Chapitre 5 : Le Lac Viviane, Partie 3
Nous avons commencé à descendre le grand escalier menant sur la berge du lac en silence. Cela me convenait. J’en ai profité pour examiner avec attention les alentours.
Je m’en doutais avec la vue que j’avais dessus depuis ma chambre… mais ce lac était véritablement immense, à tel point qu’il rendait les montagnes au nord ridiculement petites en comparaison. Sa surface était tranquille et l’eau d’une parfaite clarté… ce qui, par cette chaleur, me donnait une irrépressible envie de plonger dedans. Difficile toutefois d’imaginer traverser le lac à la nage pour échapper à Gwenaëlle ; je me noierai surement bien avant d’atteindre le rivage opposé, si tant est que la sorcière ne m’attrape pas avant.

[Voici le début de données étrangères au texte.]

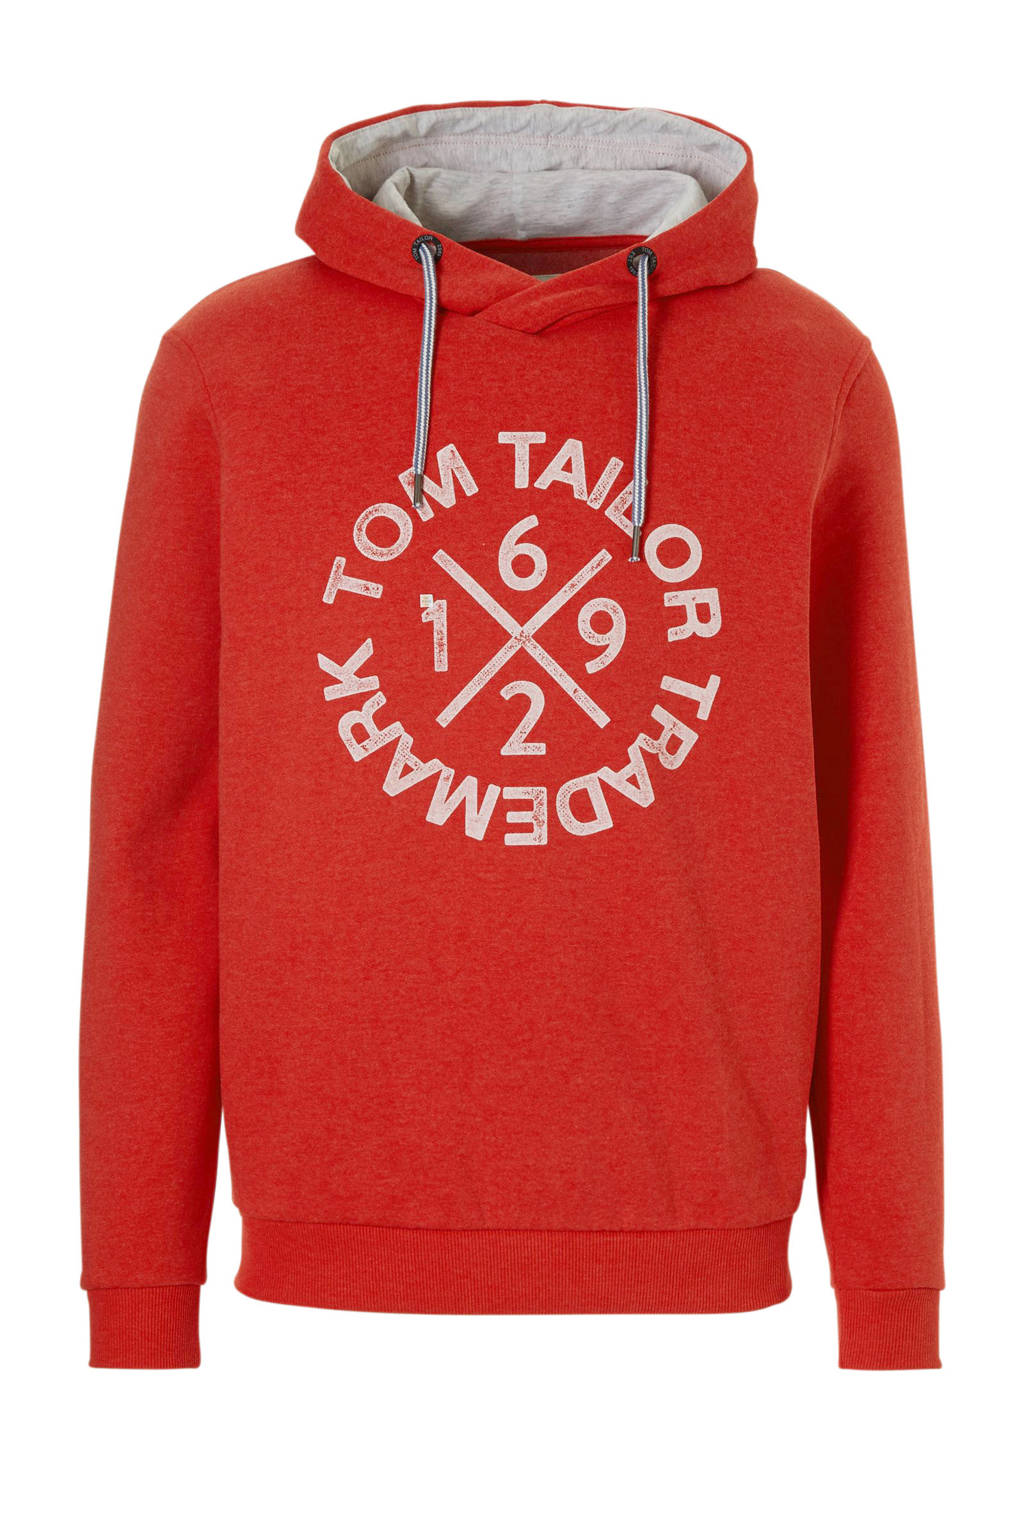 Tom Tailor hoodie, Rood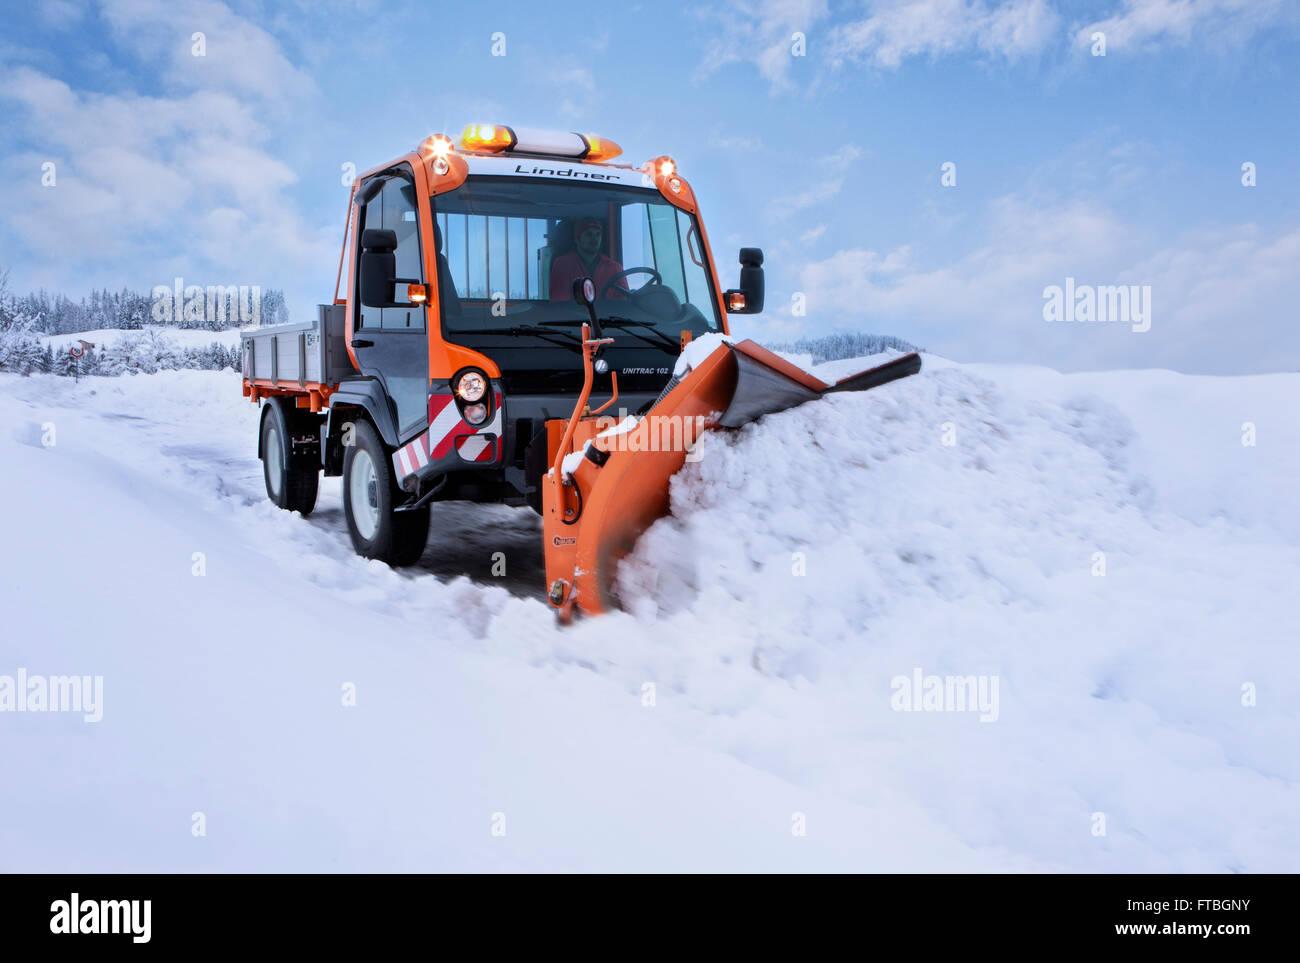 Snowplow removing snow, winter maintenance, Inn Valley, Kufstein district, Tyrol, Austria - Stock Image

A l’est, la forêt que j’avais aperçu semblait toujours aussi dense, telle une véritable muraille silvestre bordant le lac. Nous étions encore loin… mais je pouvais voir que les arbres démesurés atteignaient aisément la taille d’un immeuble de six ou sept étages. Je pourrais peut-être m’y cacher, mais qui sait quels dangers se cachaient dans l’ombre de cette forêt…
- Je… tiens à m’excuser pour hier, me dit soudain Gwenaëlle, m’arrachant à mes rêveries alors que nous arrivions au bas de l’escalier. Je me suis emportée, et je n’aurais pas dû…
- …Me geler sur place ?
- Oui. C’est normal que tu aies du mal à t’habituer à tous ces changements. Ce serait bouleversant pour n’importe qui. J’aurais dû… être plus compréhensive, au lieu de me braquer comme ça. C’est pourquoi je tenais à te dire que je suis désolée, Morgane.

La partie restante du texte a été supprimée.